The answer is about balance. The norm - where it is highly standardised, inflexible and organisation wide - is not balanced. This exceeds what is necessary, what is contextually appropriate and what is a human way of organising groups of people.
With standardisation, the assumption is that one size fits all. But we know that it doesn’t: every person is uniquely gifted and purposed. Yet annual appraisals tend to evaluate people on the basis of a predetermined list, a list that decides what the organisation believes competent people should be doing, not what an individual is being asked to focus on. Furthermore, when it comes to comparing people, standardised appraisals are also nigh on impossible to measure in any meaningful way. What does it mean to be 0.25 better at conflict resolution than last year?
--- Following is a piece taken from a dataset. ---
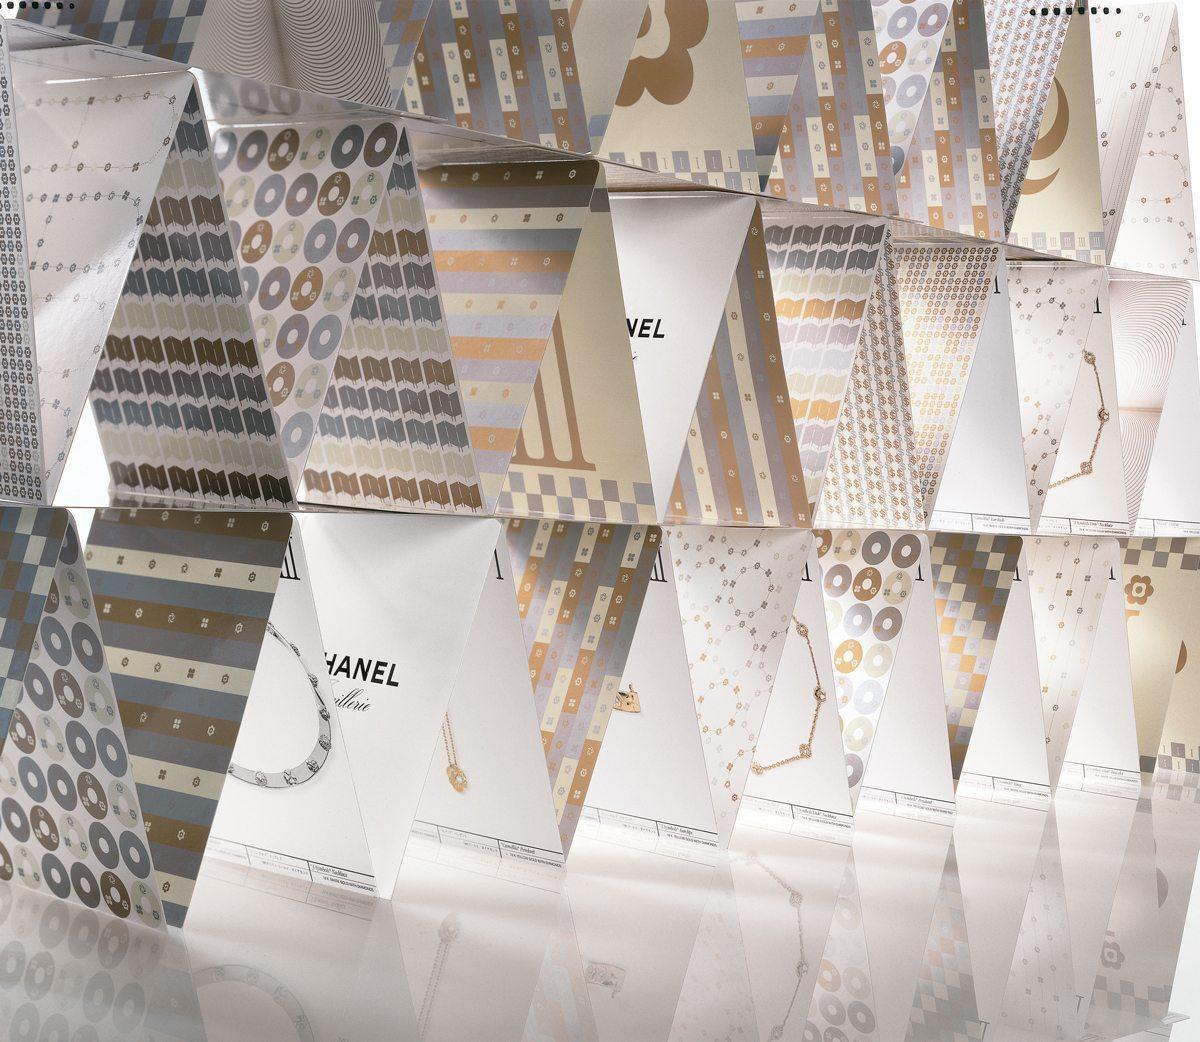 Ich&Kar construit un immense chateau avec le dossier de presse dessiné pour Chanel, la célèbre marque de Luxe française

Virtually nothing, if anything at all, because no two people are alike so it’s not an objective measurement. It’s not just standardisation across individuals that is the problem, but also across business units, which, like individuals, are unique and in need of something more contextually appropriate to each scenario.
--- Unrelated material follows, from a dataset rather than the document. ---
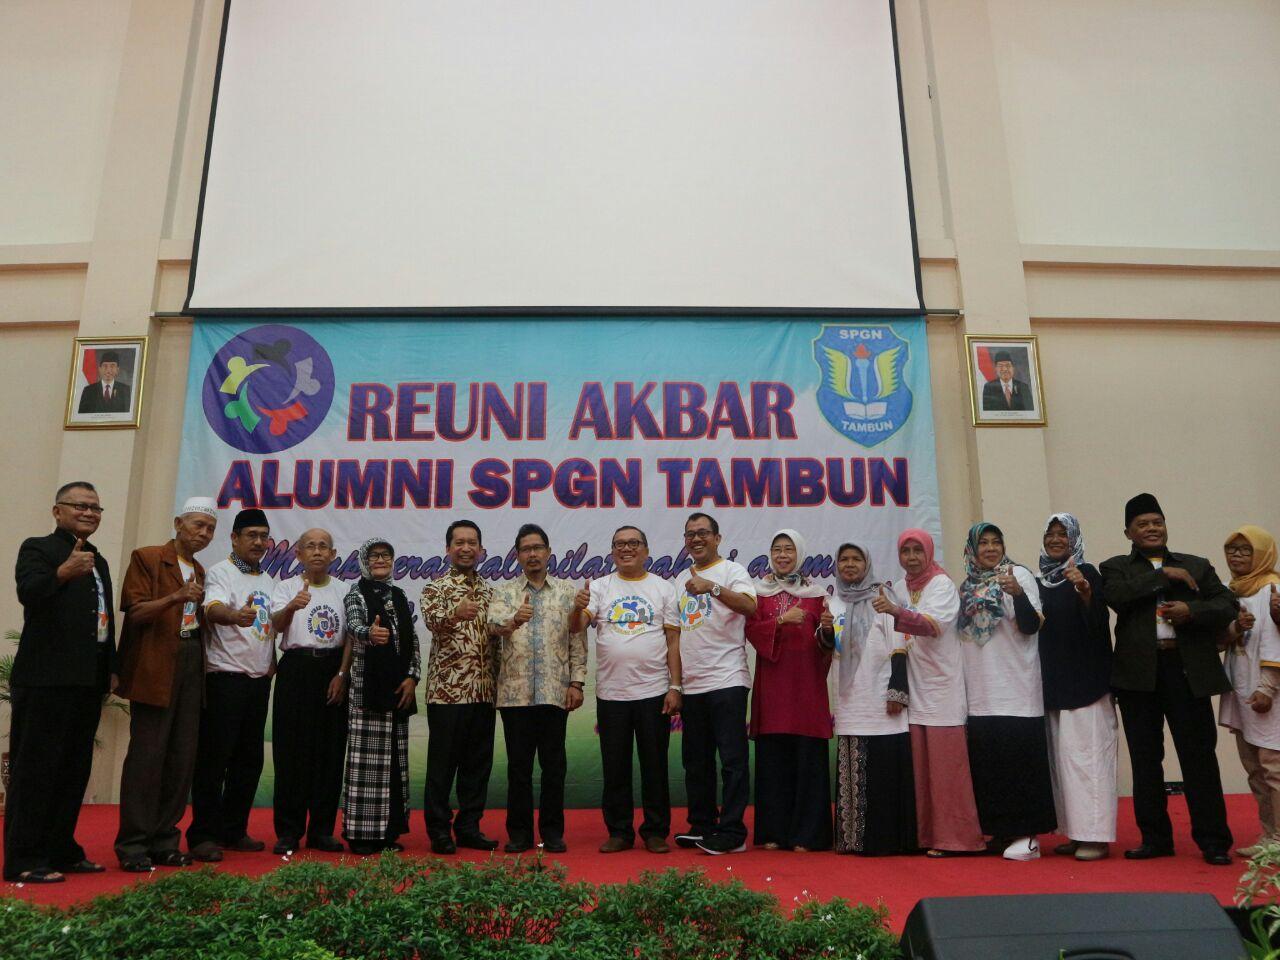 Sambung Silaturahmi Ribuan Alumni SPGN Tambun Hadiri Reuni Akbar

At the other end of the spectrum is no standardisation at all. This isn’t healthy either. To have no framework or wider context for discussion can lead to conversations that are a distraction. Where the line is drawn will depend upon the size and culture of the business and the particular topic under discussion. But some useful questions to come back to include:
- “How does this format serve an individual and their role?”;
- “How much does the format allow for an individual to uniquely express themselves?”;
- “Why are we standardizing this?” and
- “Have the people who are having the process applied to them been genuinely able to influence its format?”